“It is a socialist idea that making profits is a vice. 

I consider the real vice is making losses” – Winston S Churchill

 

 

 

New Zealand remains at or near the bottom of the OECD profit league tables, a position we have occupied for forty years. Current scorecard from Armillary Private Capital (here), using a Return on Capital Employed method of aggregation, shows our 2017 ROCE flat-lining at 7%, while USA is 14%, Australia 11%, and Europe 9%. Our Productivity Commission weeps at our weak productivity, which is its more inclusive term for profitability. Dreams of catching Australia in any per capita measure of income, productivity or profit are long gone.

Nor is the weak profitability of our firms because our workforce is enjoying a disproportionate share of business revenues.

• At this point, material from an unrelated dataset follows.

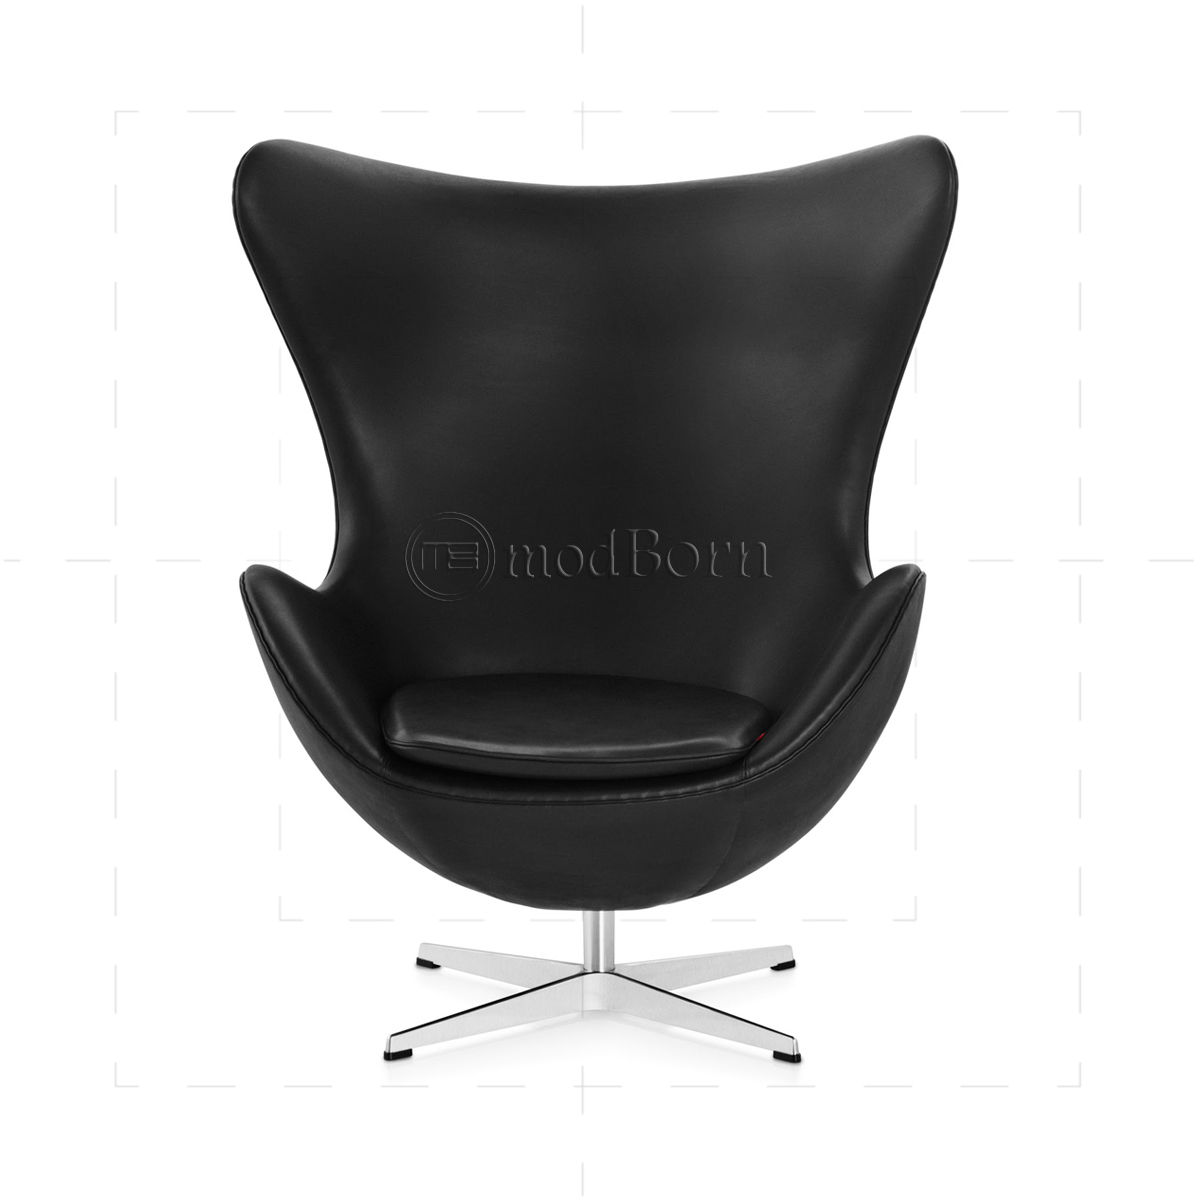 arne jacobsen style egg chair black leather aniline leather arne jacobsen egg chair replica

To the contrary – our employees are as poorly rewarded as our shareholders. Only through the increasing levels of Family Support subsidy can a working family make ends meet, even on a skilled wage. In fact, we have to thank our workforce for most of the recent growth in GDP, which has been derived from more hours worked by more people rather than any innovation or strategy by management.

The Productivity Commission chair, Dr Murray Sherwin, speaks here of their uncertainty at the root causes of our poor profitability, but lists key impediments in our circumstances, including: –

  • A remarkably weak connection with international trends, technologies, global value chains, efficiency gains and market clusters. We are missing out on the stunning growth in intermediate goods and services trade. We are not in the conversation of ideas.
  • Low capital formation and weak investment in high tech equipment, which can redress the current labour / capital imbalance. Untaxed capital gains tilt investment towards property.
  • Lacklustre big firms, drawing particular aim at co-operatives and SOEs (risk averse, xenophobic and capital poor) and branch corporates like banks (whose mandate is confined to NZ).

To these I would add examples of further drags on productivity such as: –

  • Bad investment decisions throughout the economy – from giant companies like Fletcher Building and Fonterra through to a public gulled into a misleading IPO prospectus.
  • Weak regulators – in failing to protect the country’s biosecurity, building weathertightness, financial markets or competitive commerce.
  • Excessive costs – of road construction, building materials, resource compliance.
  • Short-sighted, uncoordinated and stupid planning – of cities, infrastructure, transport, ports, housing, energy, skills.
  • Wasted public funds – on duplicated provincial services (health), moribund activities (rail), vote bribes (free university) and Coalition “pork”.

As a nation, we undervalue the need for prudent management and maintenance of our good fortune, built on the back of kind climate and hard work. We are lovably complacent. “She’ll Be Right” is as powerful now as it always was. However poor incomes have massive repercussions on the viability of our “First World” public services – education, health, welfare and transport infrastructure require a First World tax take.

Perhaps higher productivity is important after all?